= A Work of Art =

1956 short story by James Blish

"A Work of Art" is a science fiction short story by American writer James Blish. It was first published in the July 1956 issue of Science Fiction Stories with the title "Art Work". It has often been anthologized, appearing in The Worlds of Science Fiction, The Stars Around Us and The Golden Age of Science Fiction, among others.

==Plot==

In the year 2161, a new medical specialty has been developed, known as "Mind Sculpting." Human personalities from history are re-created and placed into voluntarily donated physical bodies. Two mind sculptors, Drs. Kris and Seirds, re-create the mind of Richard Strauss and place it in a body. After animation, the "new" Dr Strauss is encouraged to re-commence his life as a composer of music, which he does.

After some difficulty adjusting to the current techniques and theories of musical composition, which are based largely on random choices on a composition machine, Strauss searches for subjects to inspire him and composes several songs. He then comes across a play by Christopher Fry, Venus Observed, which he realises is an ideal subject for his music.

Working to a tight deadline, he completes the opera and conducts its premiere. But during the performance, he begins to suspect that something isn't quite right, and finally realises that he's used all the same musical language many times before and that he has nothing left to say musically.

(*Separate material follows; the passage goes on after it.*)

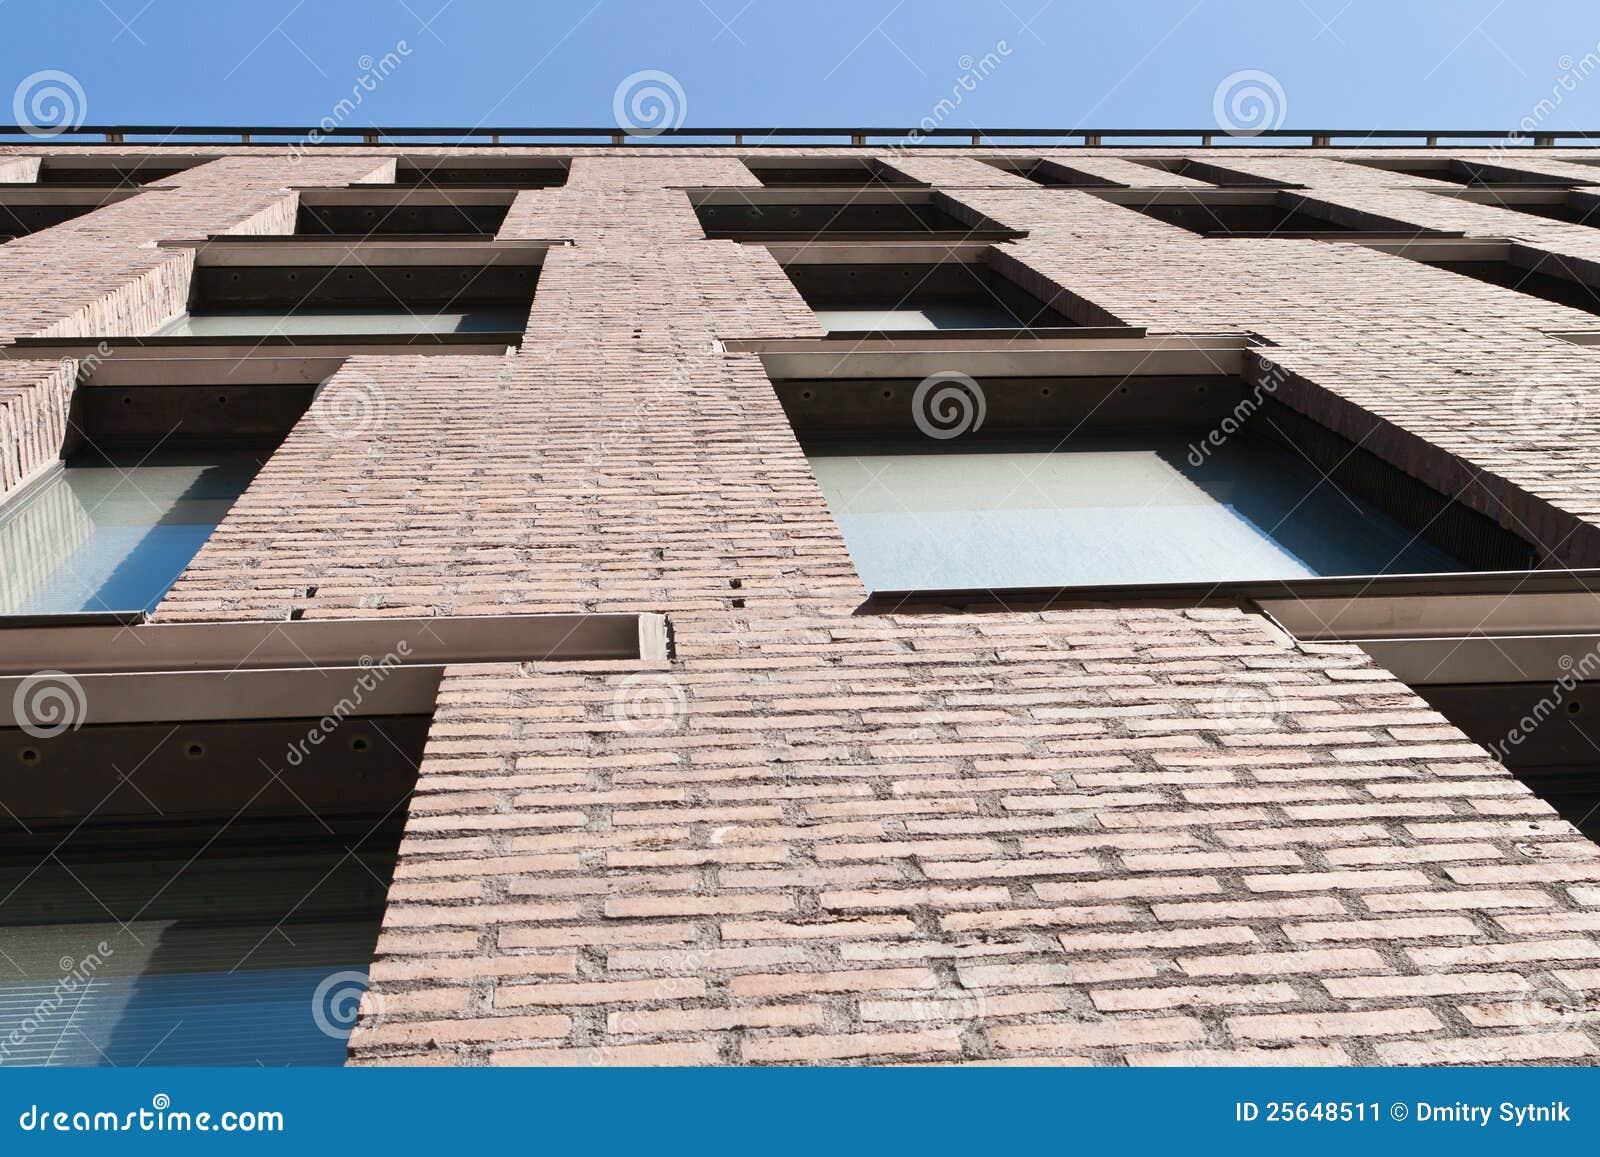 Finestre moderne sul muro di mattoni marrone immagine - Finestre moderne ...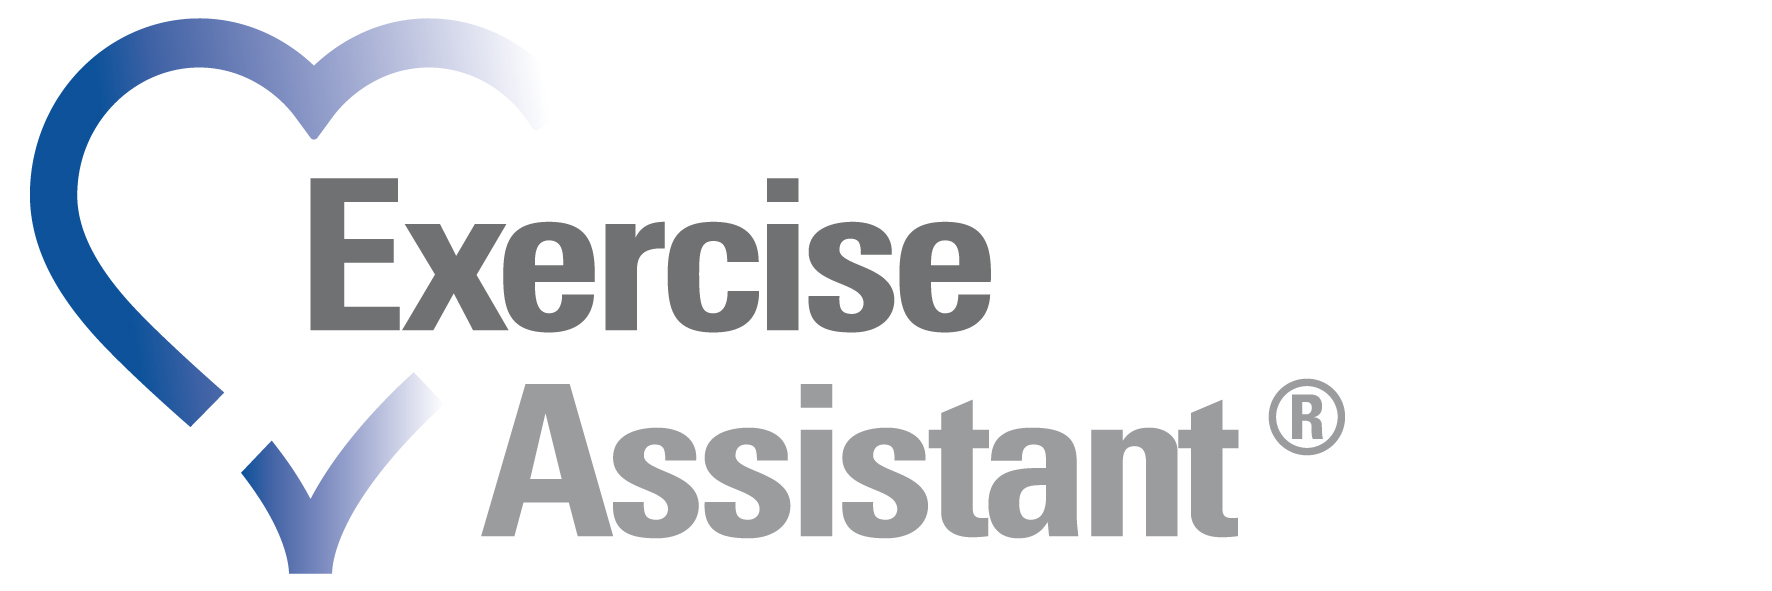 Exercise Assistant Individueel Trainingsschema bij Fitness de Bataaf - Sportschool Den Haag.

The applause, when it comes, is not for him, but for the mind sculptors, and Strauss realises that it was all an experiment. Before the sculptors pronounce the formulation that will destroy the re-created mind and restore the mind of the donor – a man completely devoid of musical ability – he feels the satisfaction that the sculptors will never know that the music lacked any spark of genius: "the 'Strauss' [they] had created was as empty of genius as a hollow gourd." His final regret is that he will not now be able to set to music Personae, a poem by Ezra Pound appropriate to the occasion that he had just discovered.

==Commentary==
In The Worlds of Science Fiction, James Blish writes:

Ostensibly this is a story about the future of serious music, but actually it proposes no novelties in that field. Its real subject is the creative process itself ... The story adopts a radical scientific assumption in order to make a philosophical and emotional point that could have been made in no other way.